Start of DATASET SECTION

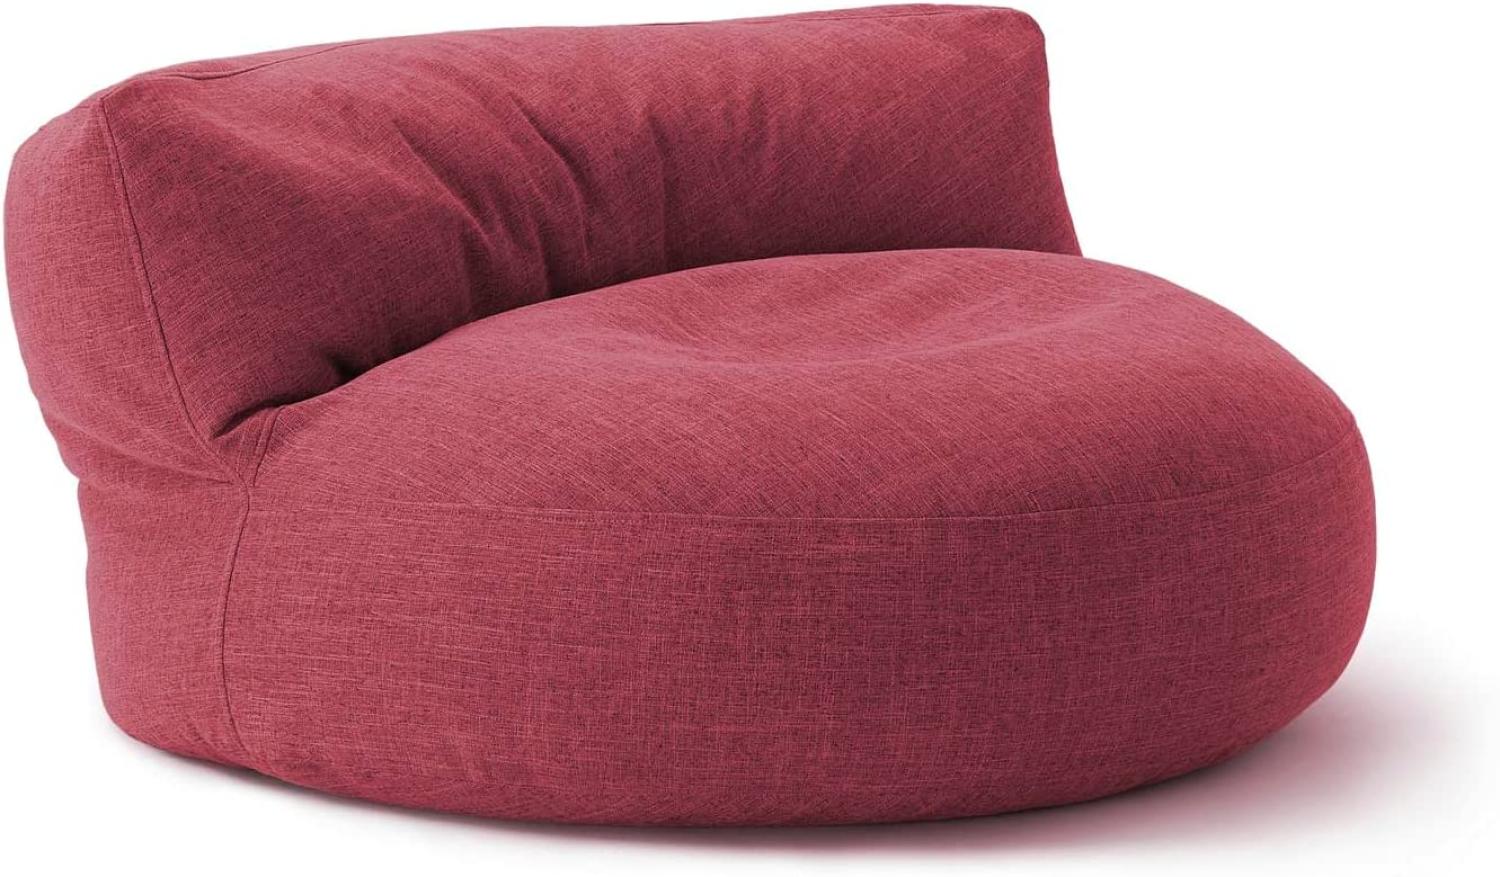 Lumaland Interior Line Sitzsack-Lounge, Rundes Sitzsack-Sofa für drinnen, 320l Füllung, 90 x 50 cm, Leinen Look and Feel, Rot Bild 1
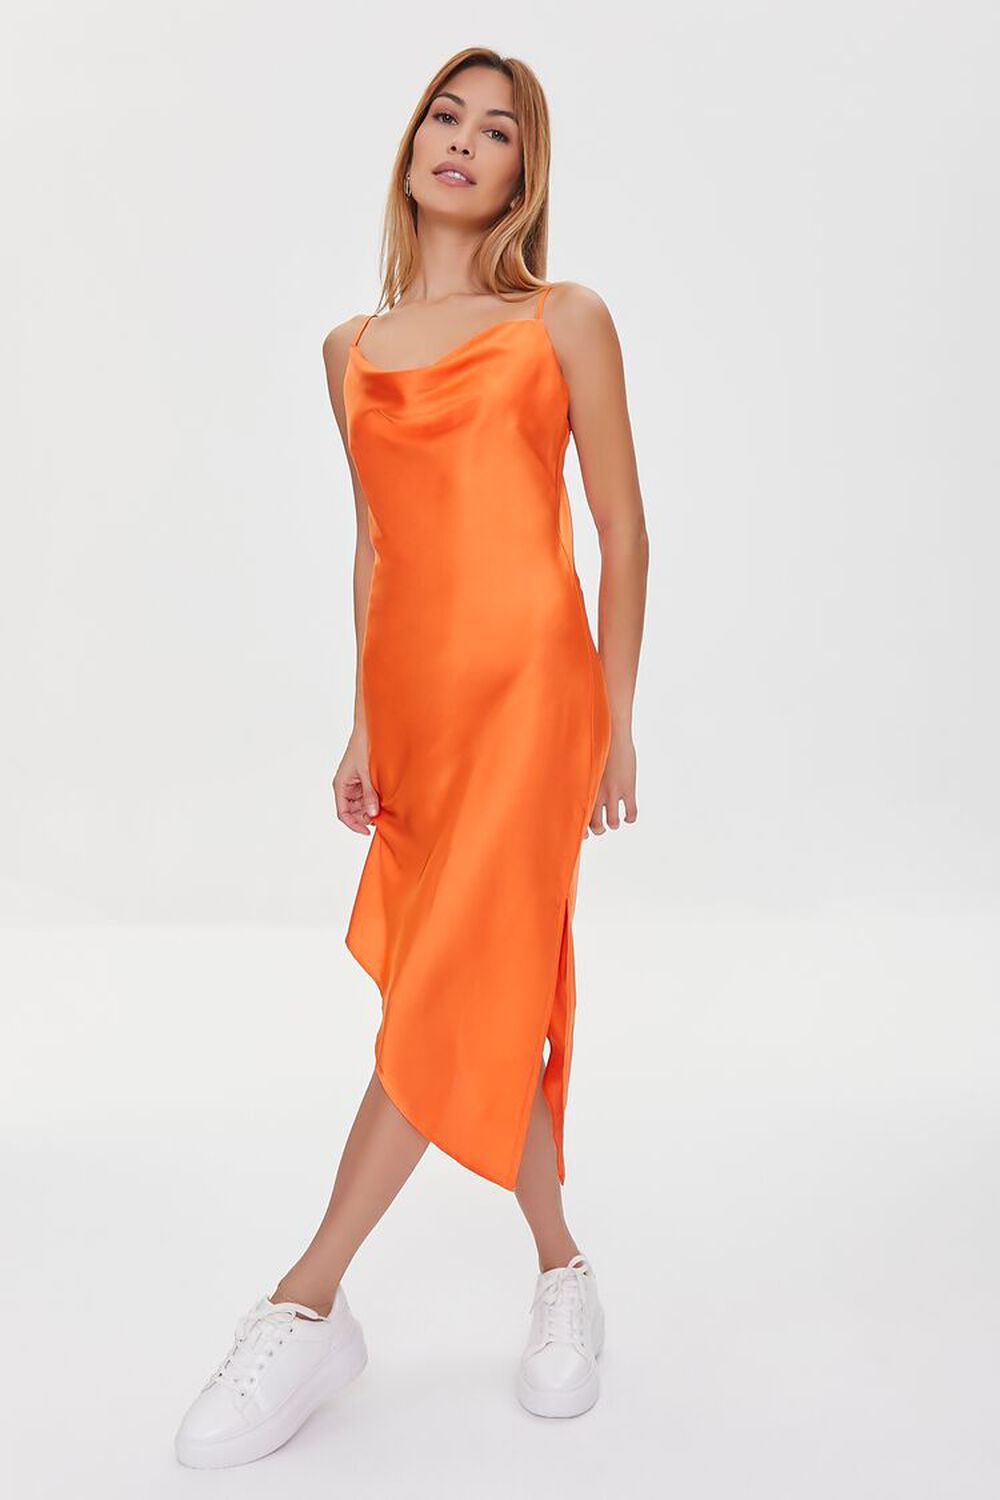 ORANGE Satin Slip Dress, image 1
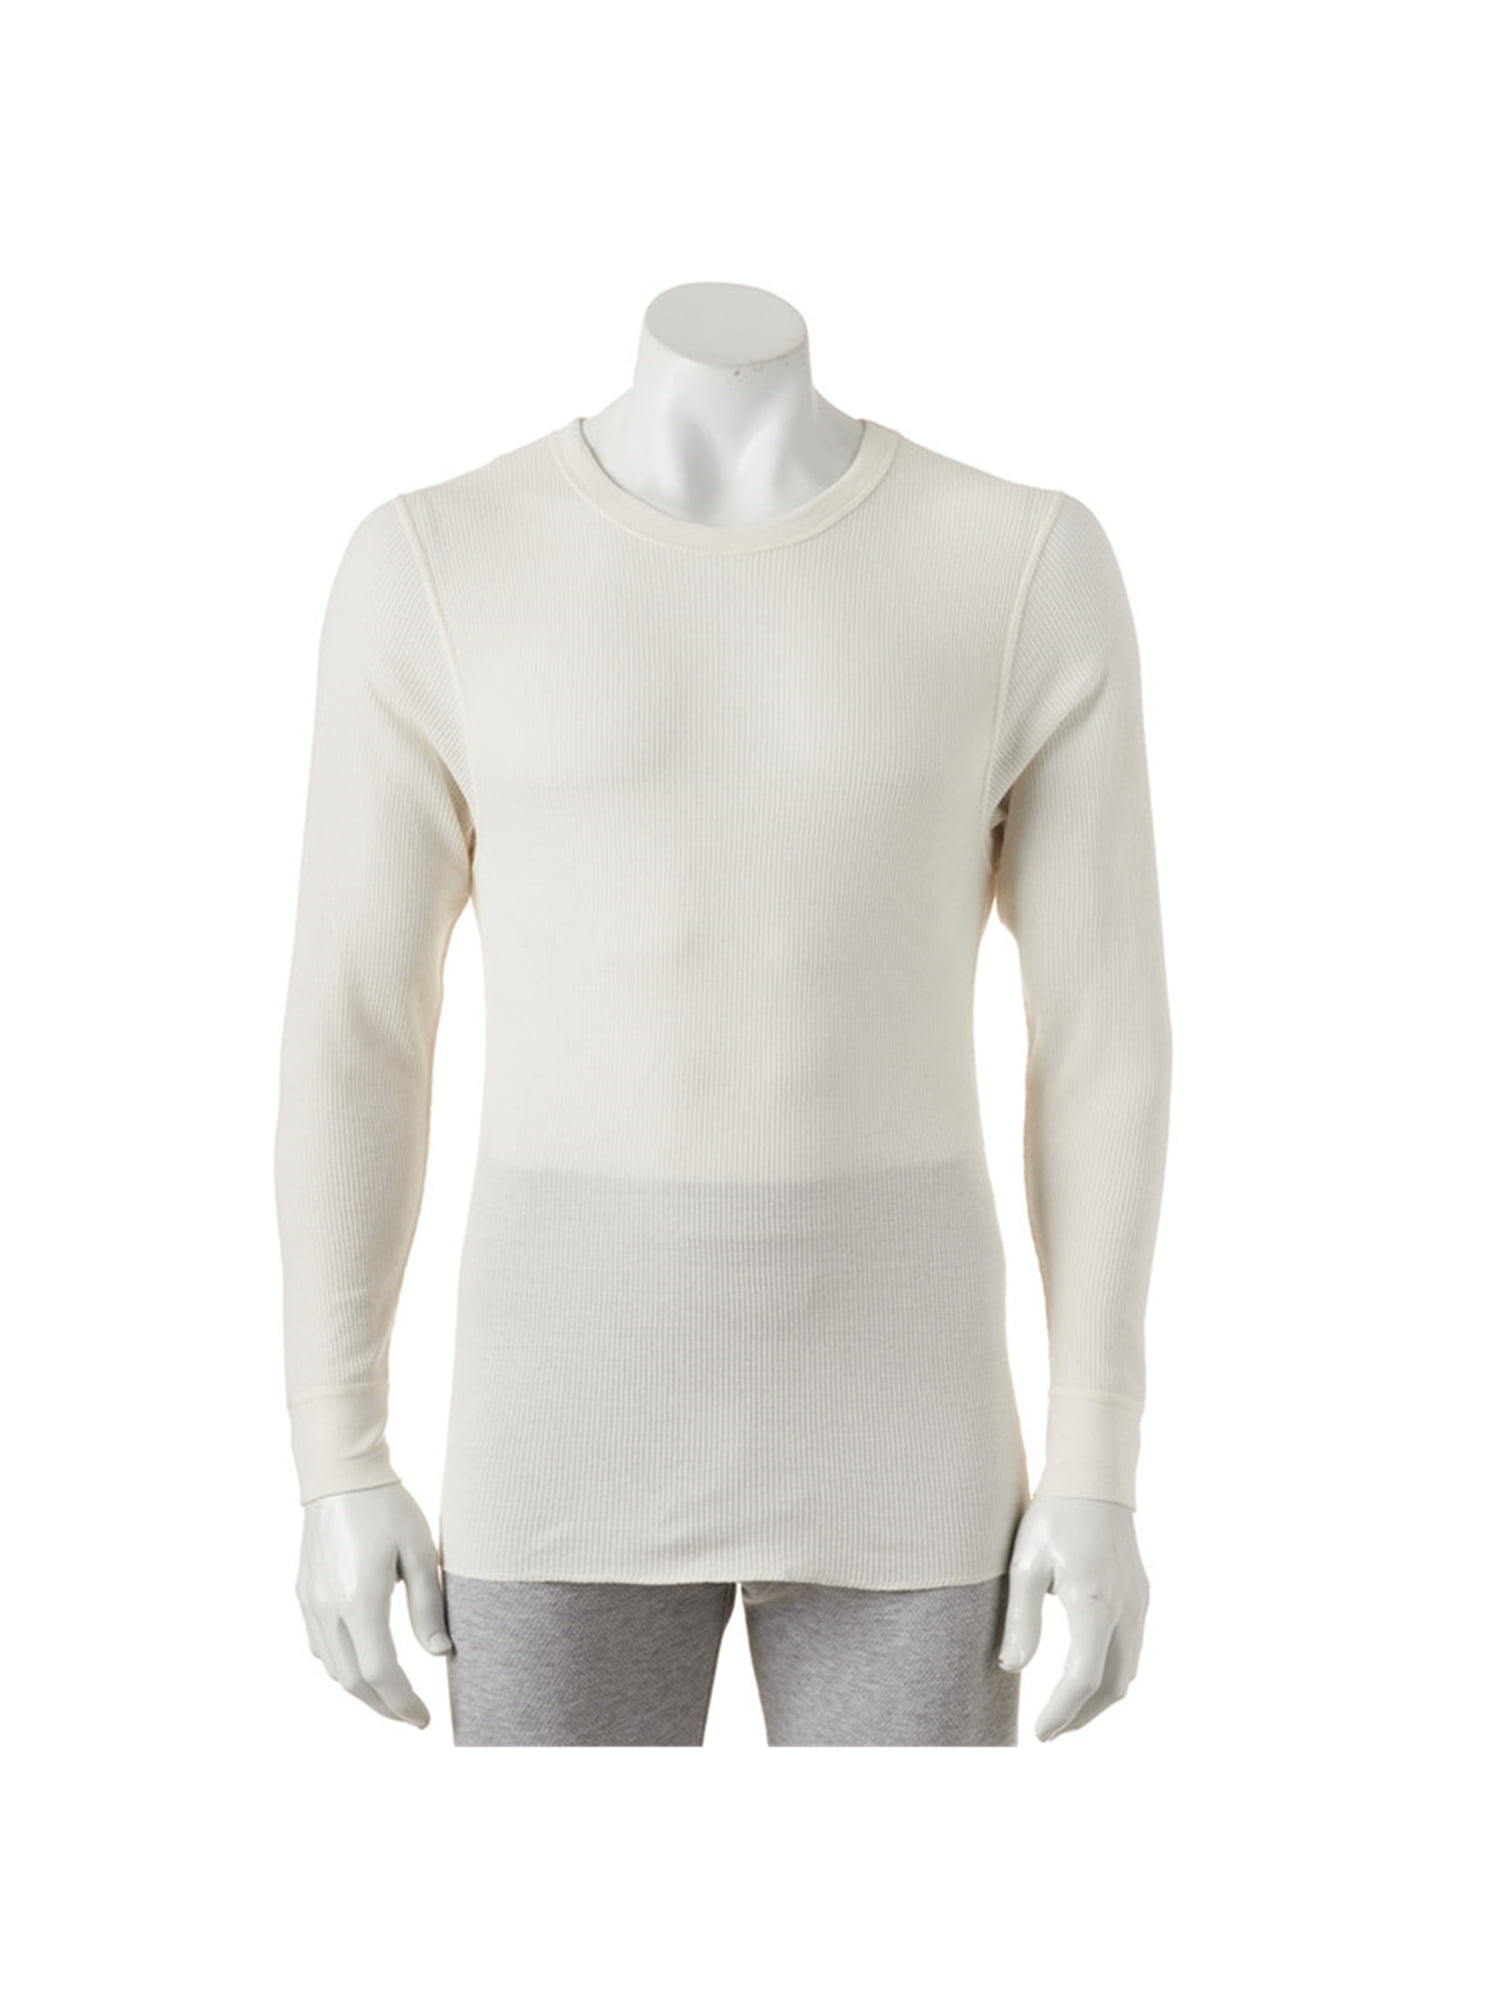 Hanes Mens Ultimate X-Temp Thermal Pajama Shirt white M | Walmart Canada
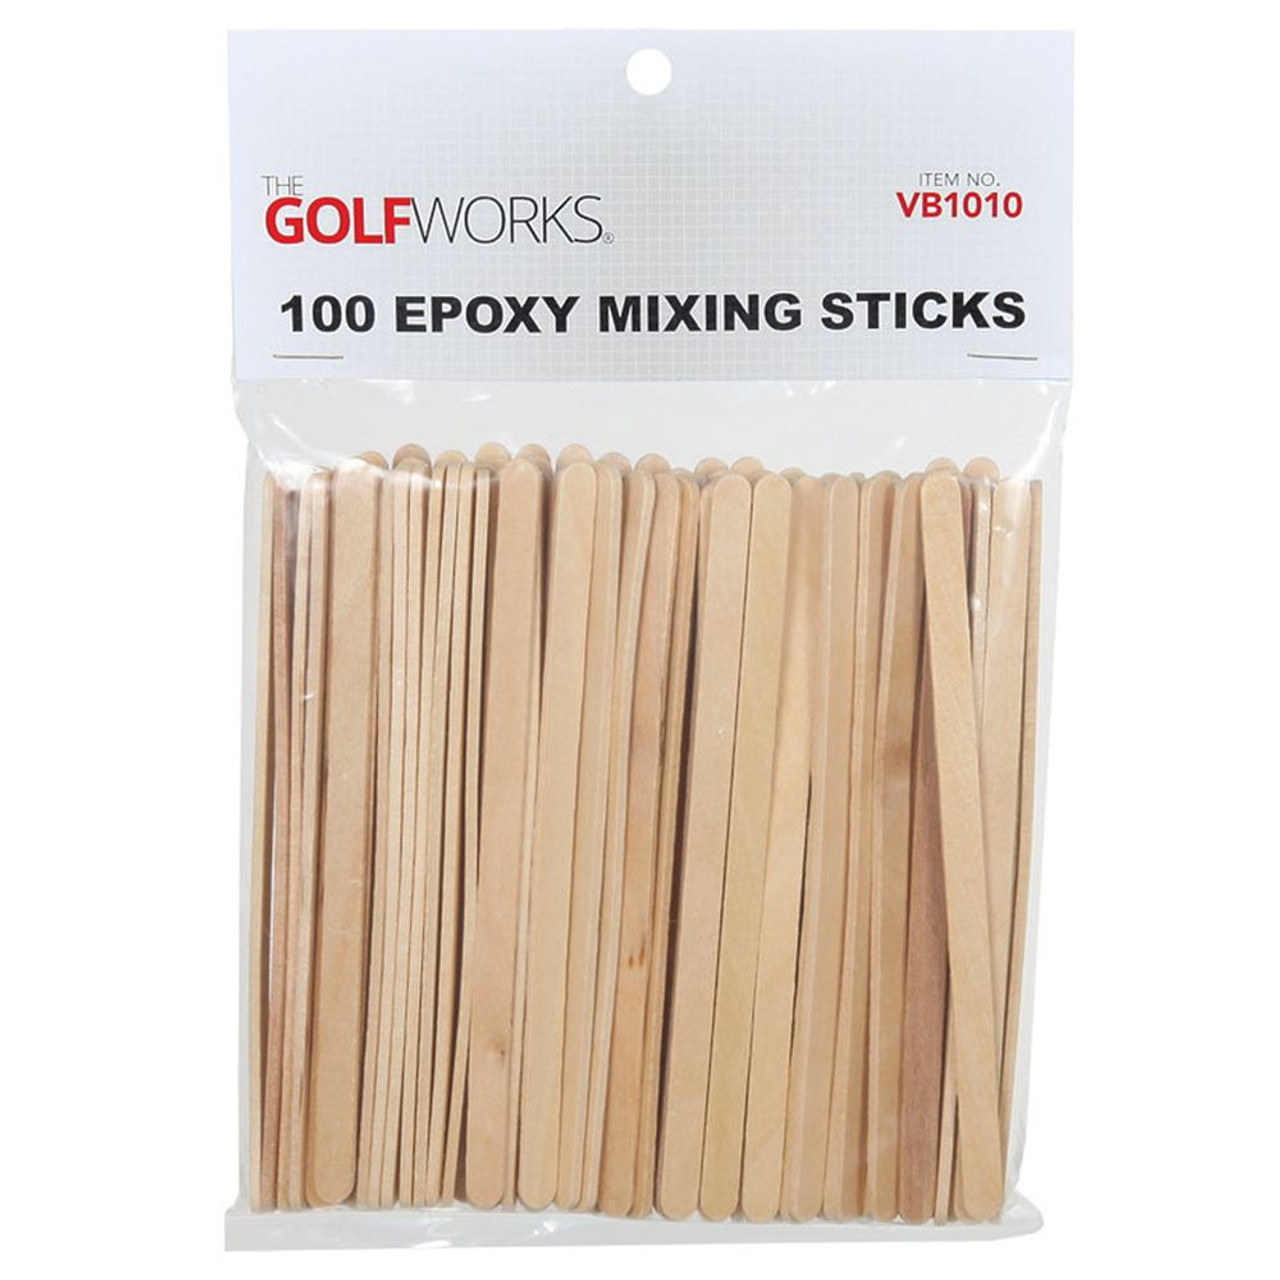 Mixing Sticks

End of DATASET SECTION

• _ACTION ITEM_:
Exactly repeat the data above; the pictures do not belong in your copy.

• _ANSWER FOR THIS EXERCISE_:
 Lumaland Interior Line Sitzsack-Lounge, Rundes Sitzsack-Sofa für drinnen, 320l Füllung, 90 x 50 cm, Leinen Look and Feel, Rot Bild 1
 ORANGE Satin Slip Dress, image 1
 Hanes Mens Ultimate X-Temp Thermal Pajama Shirt white M | Walmart Canada
 Mixing Sticks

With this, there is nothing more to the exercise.